Details of analysis are displayed upper left of the results sheet :

• nb of analysed variables,
• nb of analysed modalities,
• nb of illustrative variables,
• nb of illustrative modalities),
• nb of new axis extractes by MCA.

Below these recalls are displayed characteristics of new axes (or factors) of MCA, as well as a resume of them on a graph.

In the middle of the results sheet, you can see both representations :

• graph représenting relative positions of modalities of the different variables,
• graph représenting relative positions of modalities, and the weight of every modality (sum of every row or column of the table of Burt).
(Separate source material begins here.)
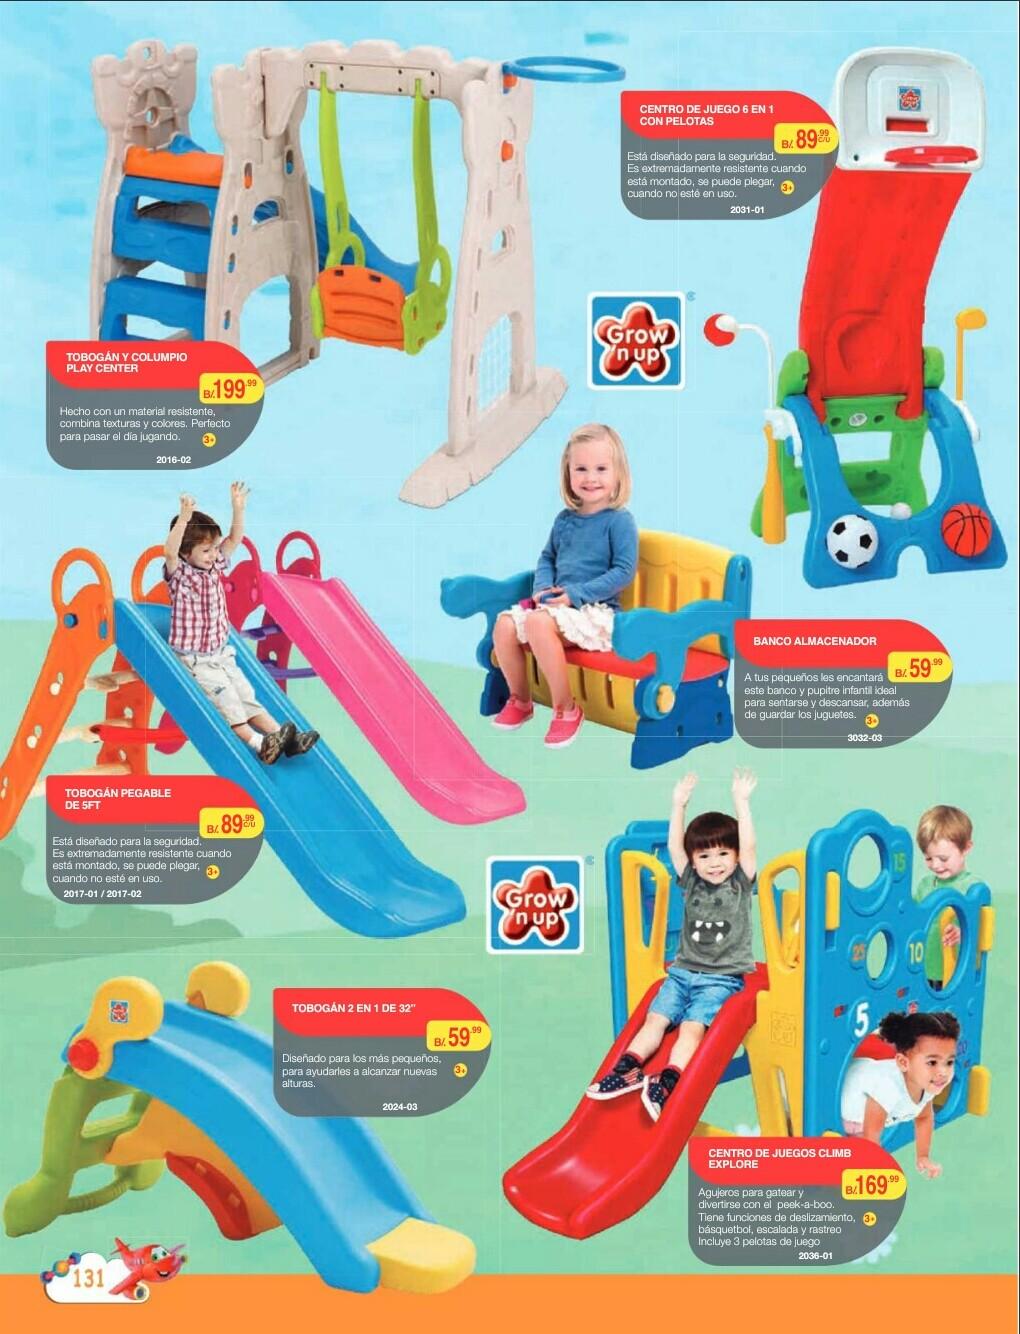 Catalogo juguetes Titan Toys 2018 p133

On the right part of the results sheet are displayed every numerical data necessary for MCA analysis :

• the table of Burt,
• data telated to graphical representations :
• relative weights of every modality,
• coordinates of points in the graphs,
• points' contributions that represent importance of each observation or variable in variance of each factor,
• qualities of representation (or cos˛) that inform on angle between the line linking center of points to studied point, and the considered axis. If cos˛ is close to 1, it implies that this angle is close to 0 ; thus if projection of a point is close to an axis, this point will be, in space, indeed close to the axis,
• distances of observations points and variables points from center of points. Notice that variables points are all located on a sphere whose radius = 1 and the center is the center of points, whereas observations points can be anywere in space,
• inertia that expresses percentage of variance of points explained by the considered observation point or the variable point.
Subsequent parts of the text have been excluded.